▶ Dataset extract
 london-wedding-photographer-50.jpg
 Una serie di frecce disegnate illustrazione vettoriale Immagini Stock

---

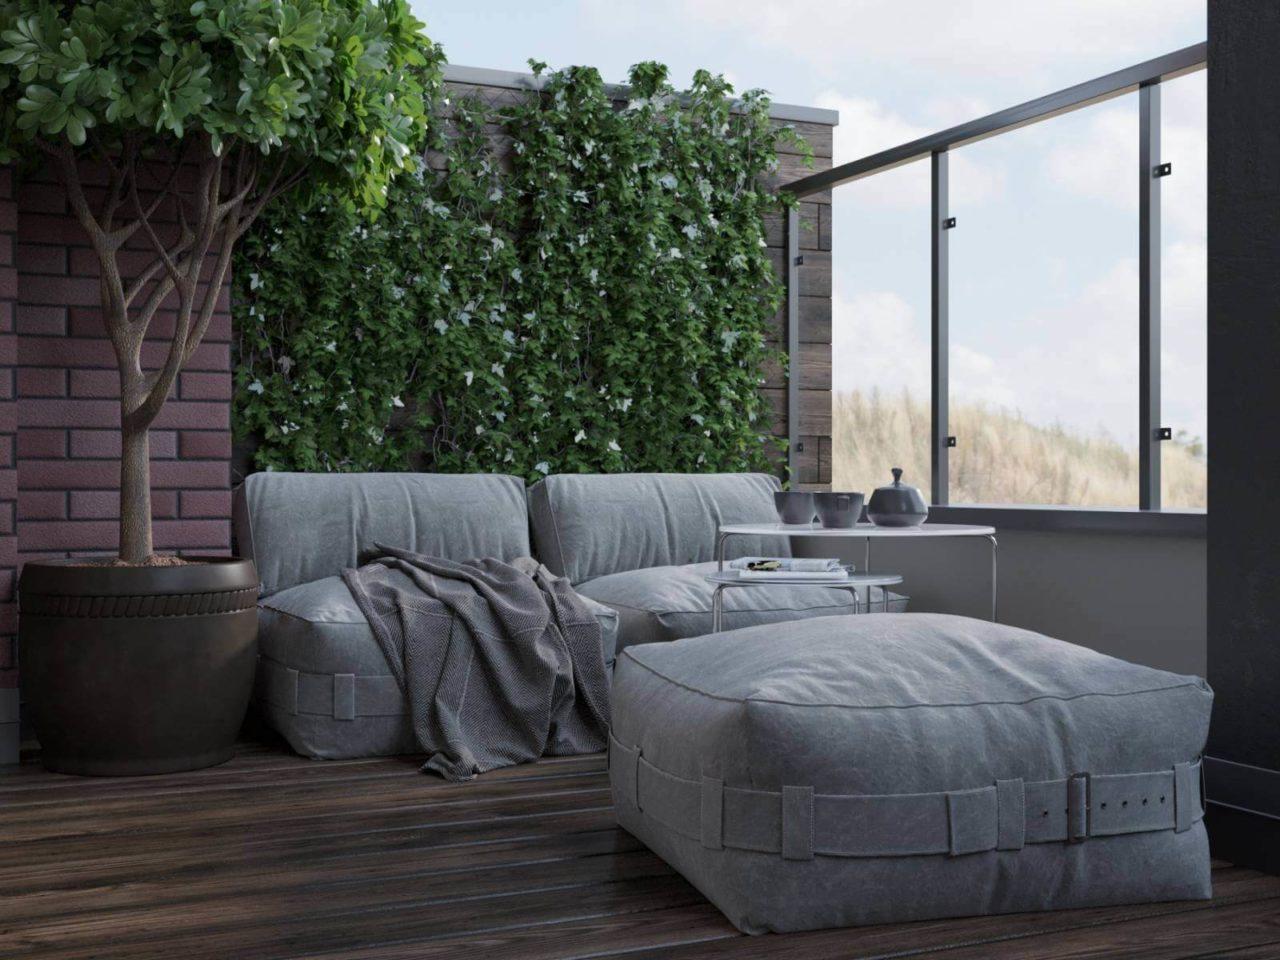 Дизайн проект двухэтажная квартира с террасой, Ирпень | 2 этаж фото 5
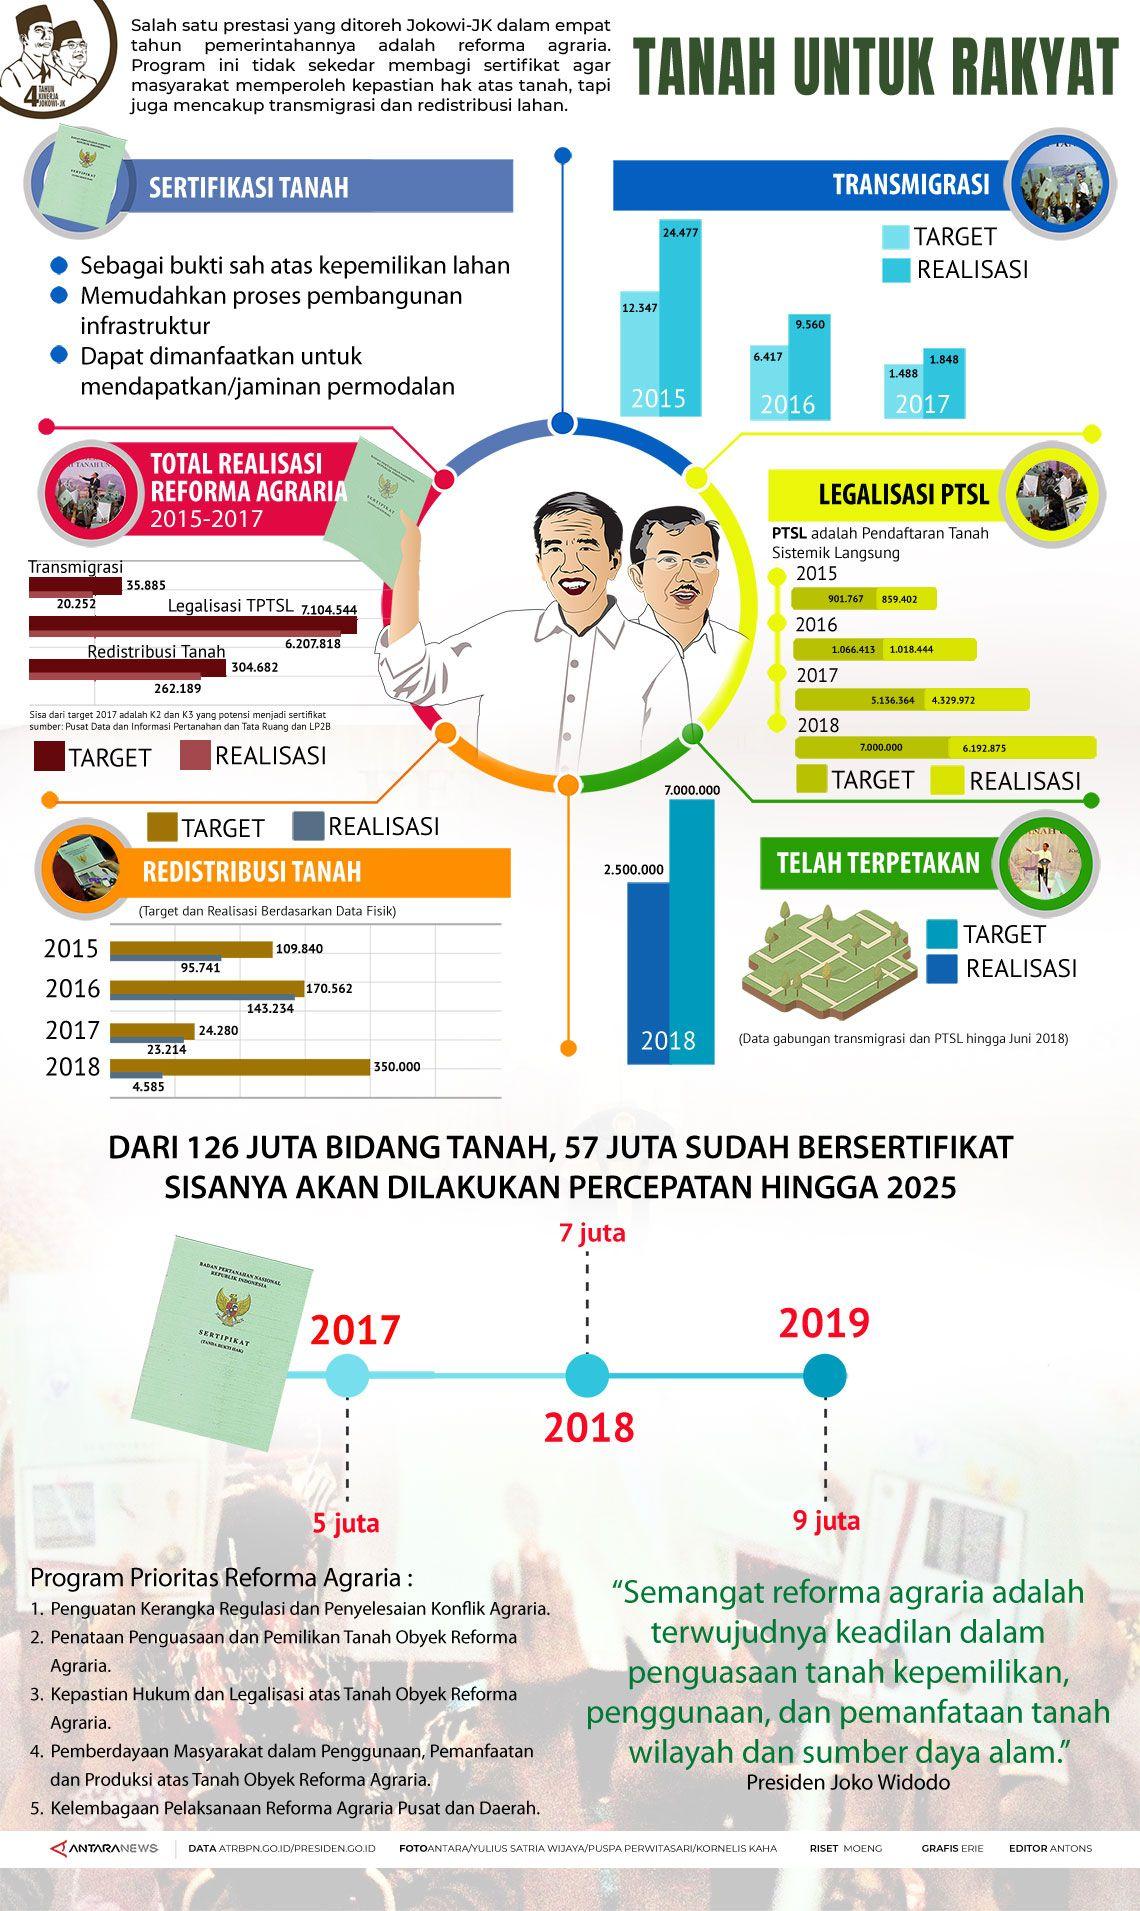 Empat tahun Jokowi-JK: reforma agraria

* * *

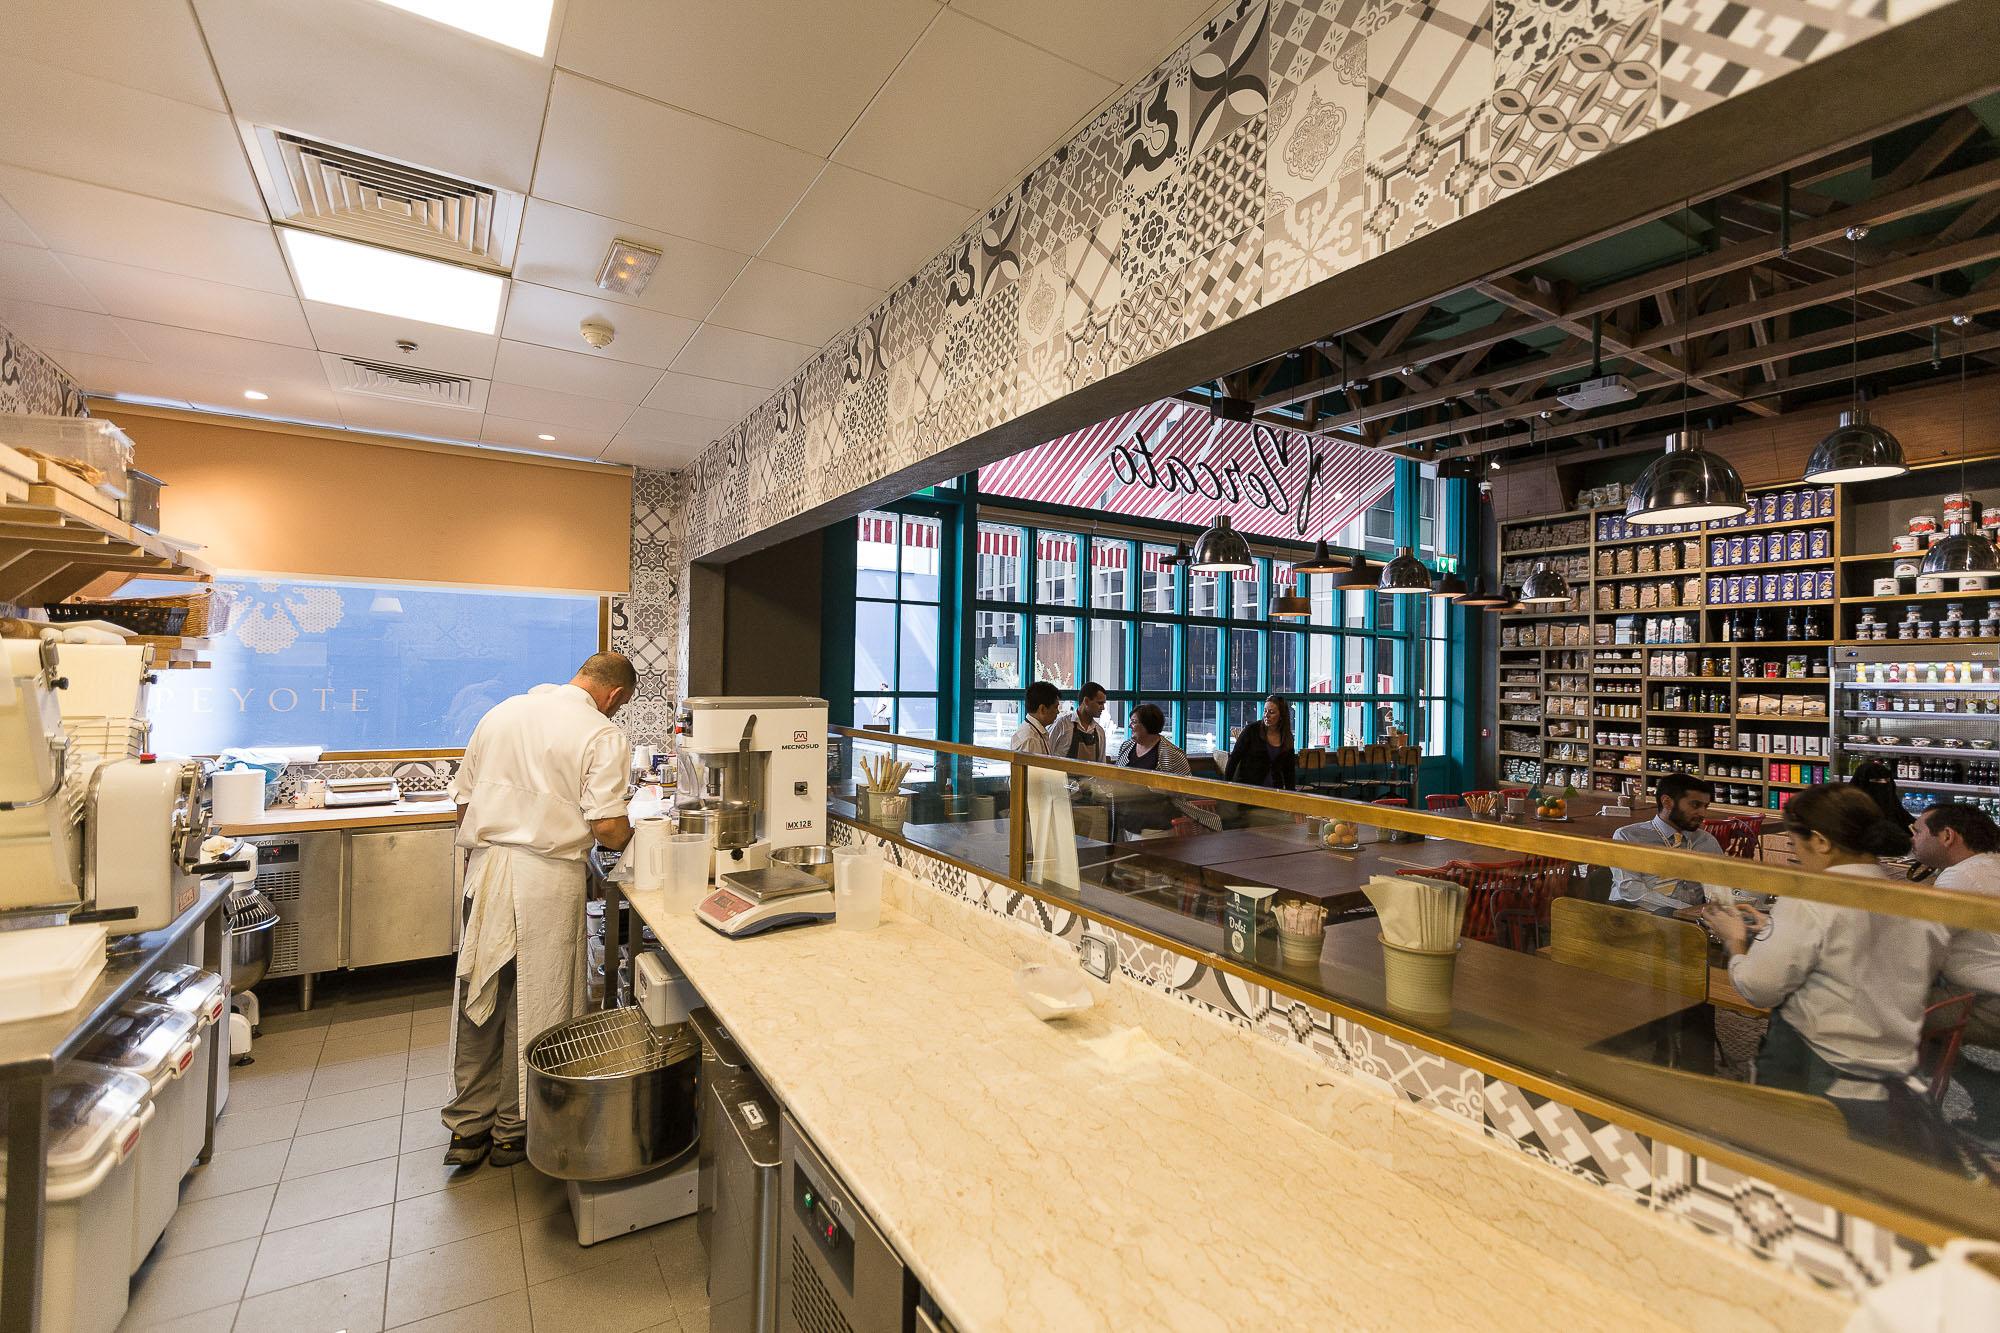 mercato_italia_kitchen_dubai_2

▶ Exercise details
Copy the lines of the data above exactly as written, beginning with the line containing "london-wedding-photographer-50.jpg" and ending with the line containing "Una serie di", and leave out all other lines.

▶ Answer to the problem
 london-wedding-photographer-50.jpg
 Una serie di frecce disegnate illustrazione vettoriale Immagini Stock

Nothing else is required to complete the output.